▶ **Material provided**
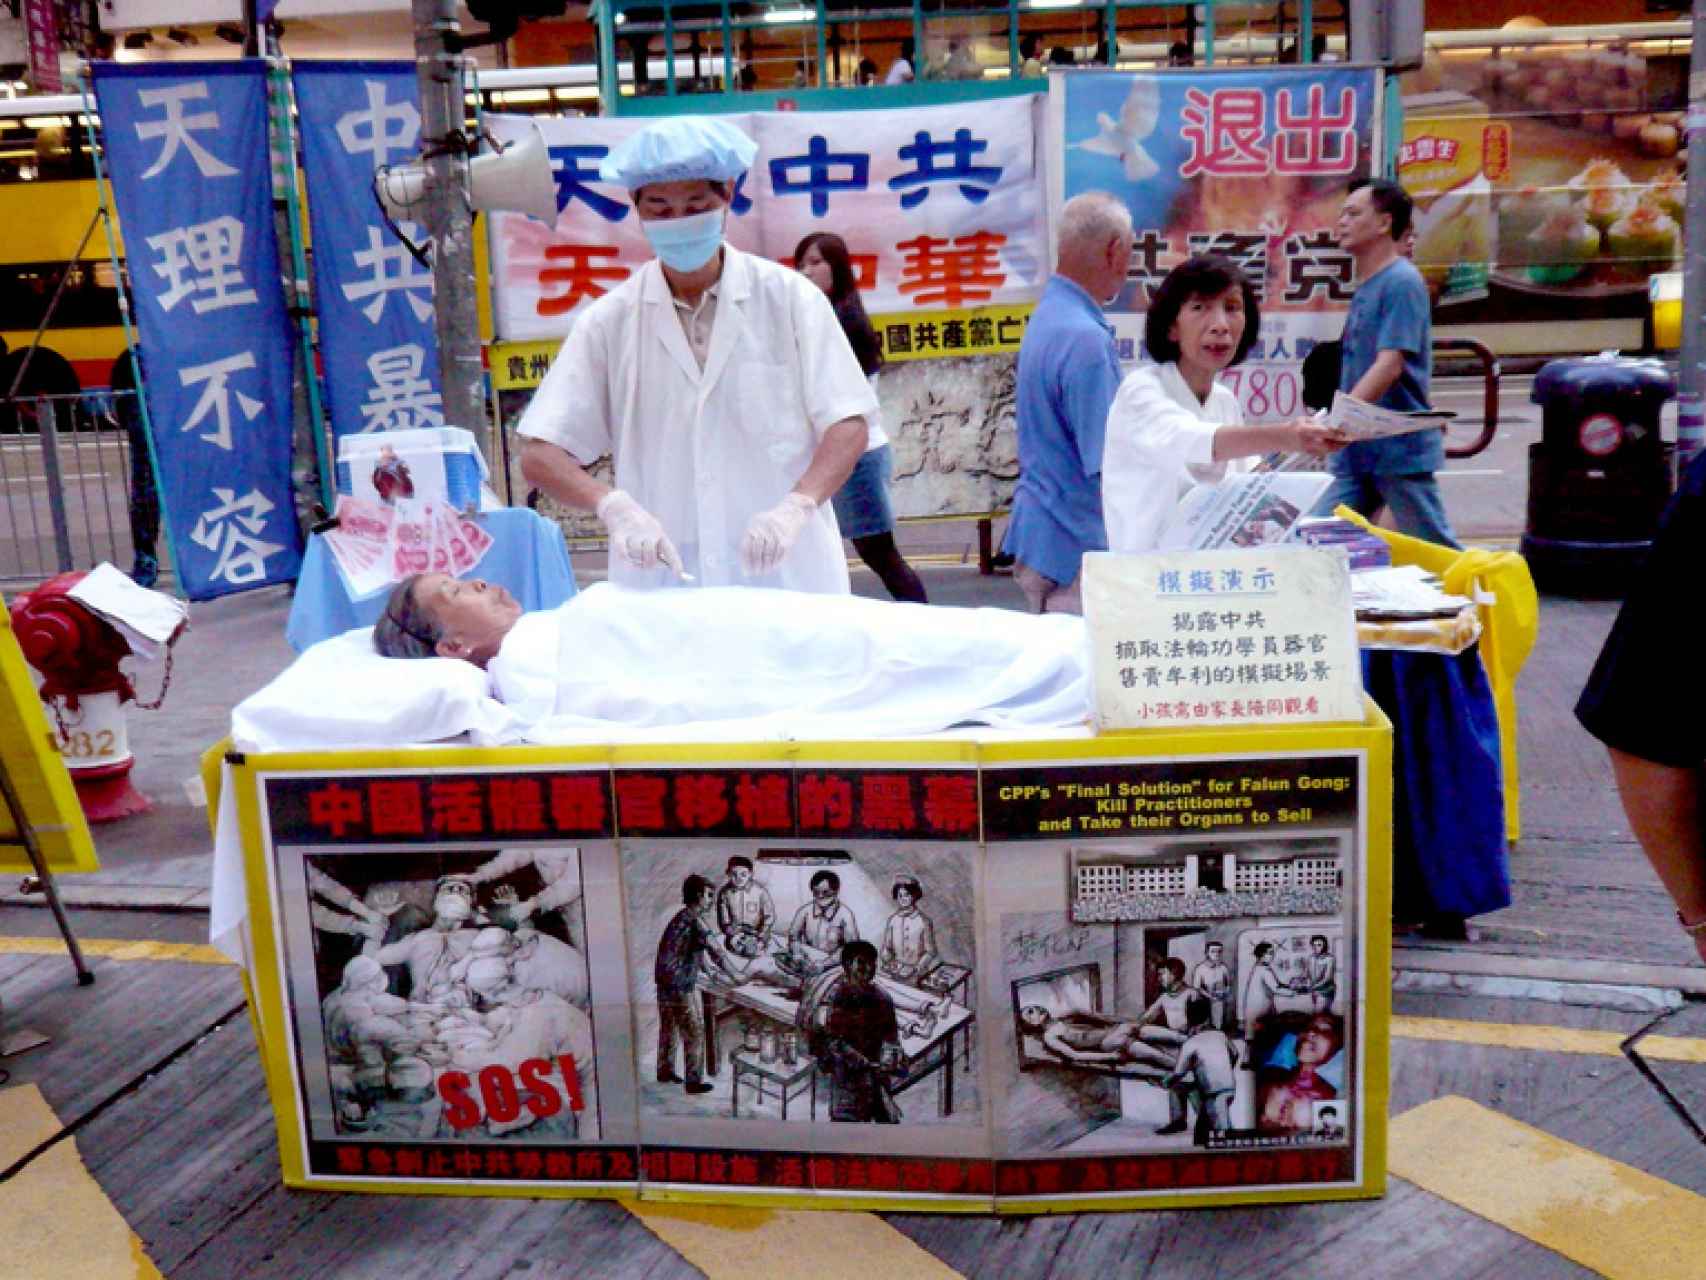 Miembros de Fulang Gong simulan una extracción de órganos como protesta.
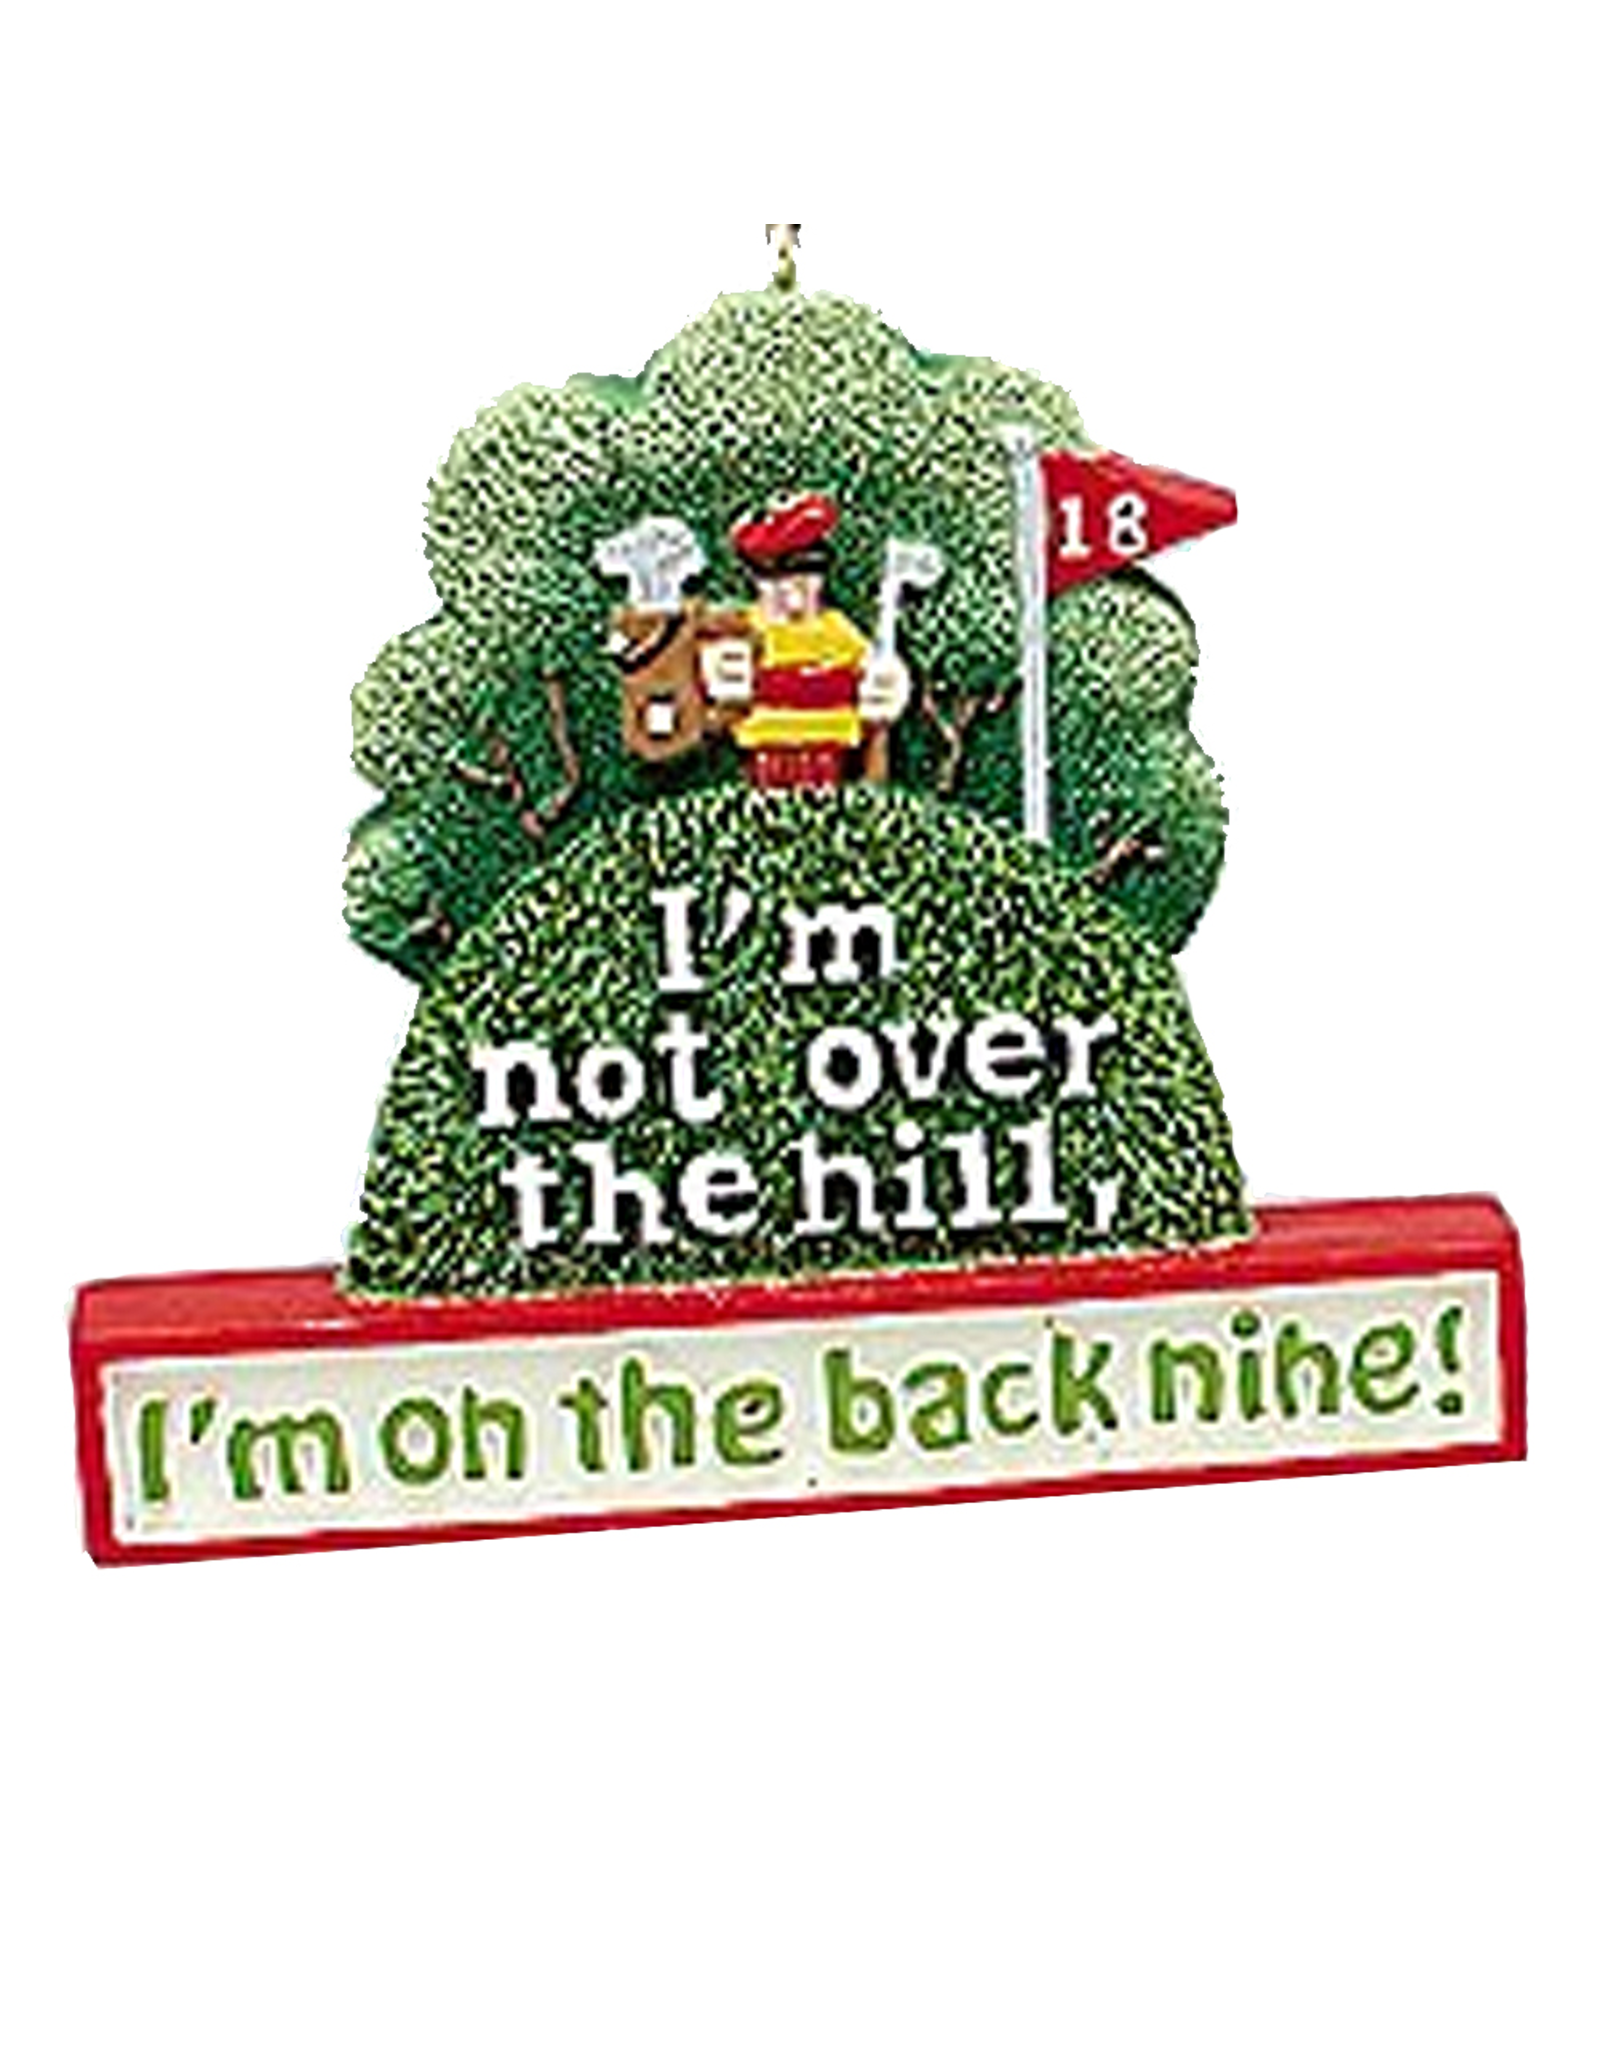 Kurt Adler Golfers Ornament Im Not Over the Hill Im on the Back Nine
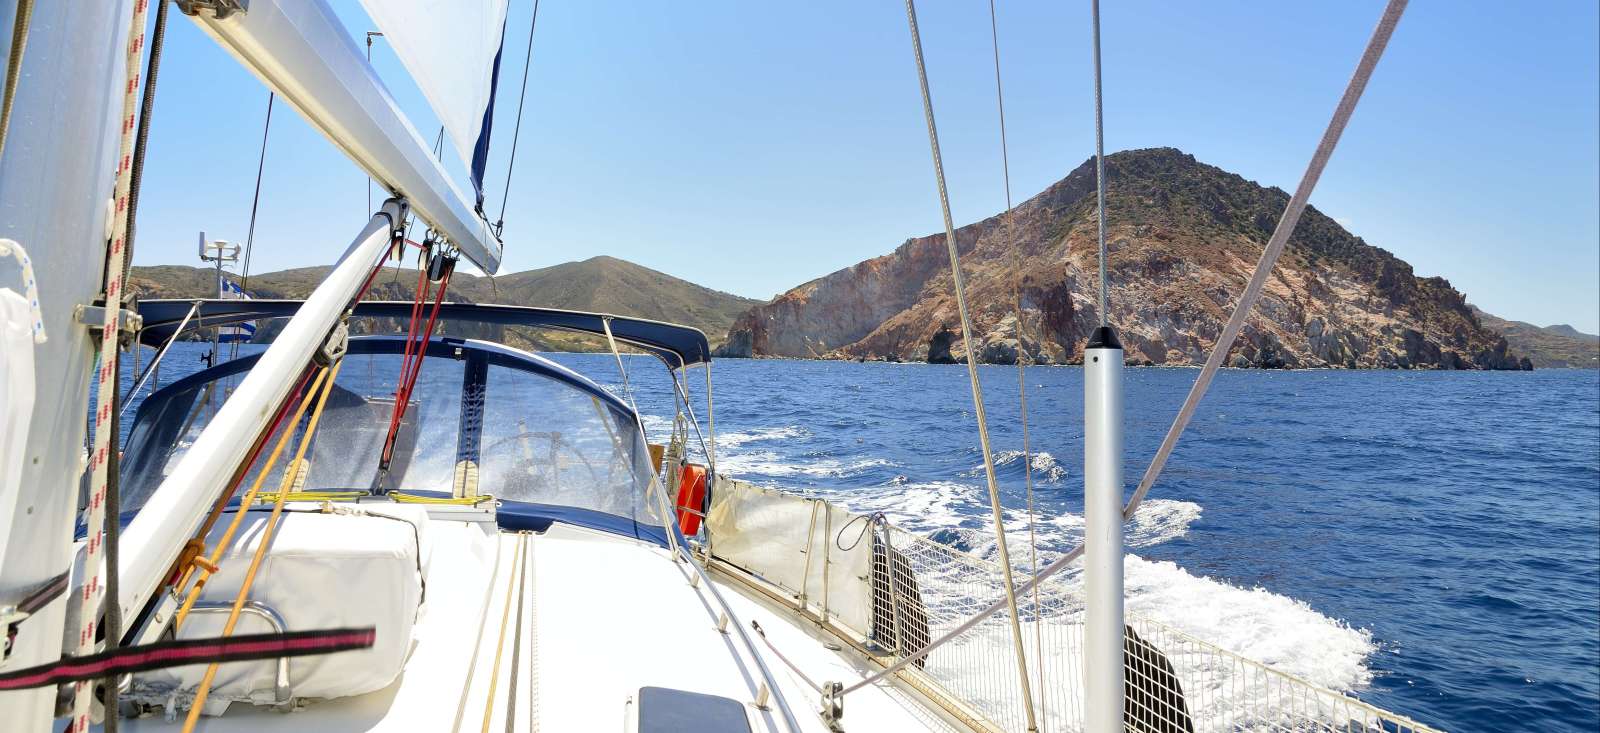 Voyage sur l'eau : Croisière active Santorin-Santorin !

▶ **Aim of the task**
Would you repeat the listing above exactly, minus the images?

▶ **Exercise output**
 Miembros de Fulang Gong simulan una extracción de órganos como protesta.
 Kurt Adler Golfers Ornament Im Not Over the Hill Im on the Back Nine
 Voyage sur l'eau : Croisière active Santorin-Santorin !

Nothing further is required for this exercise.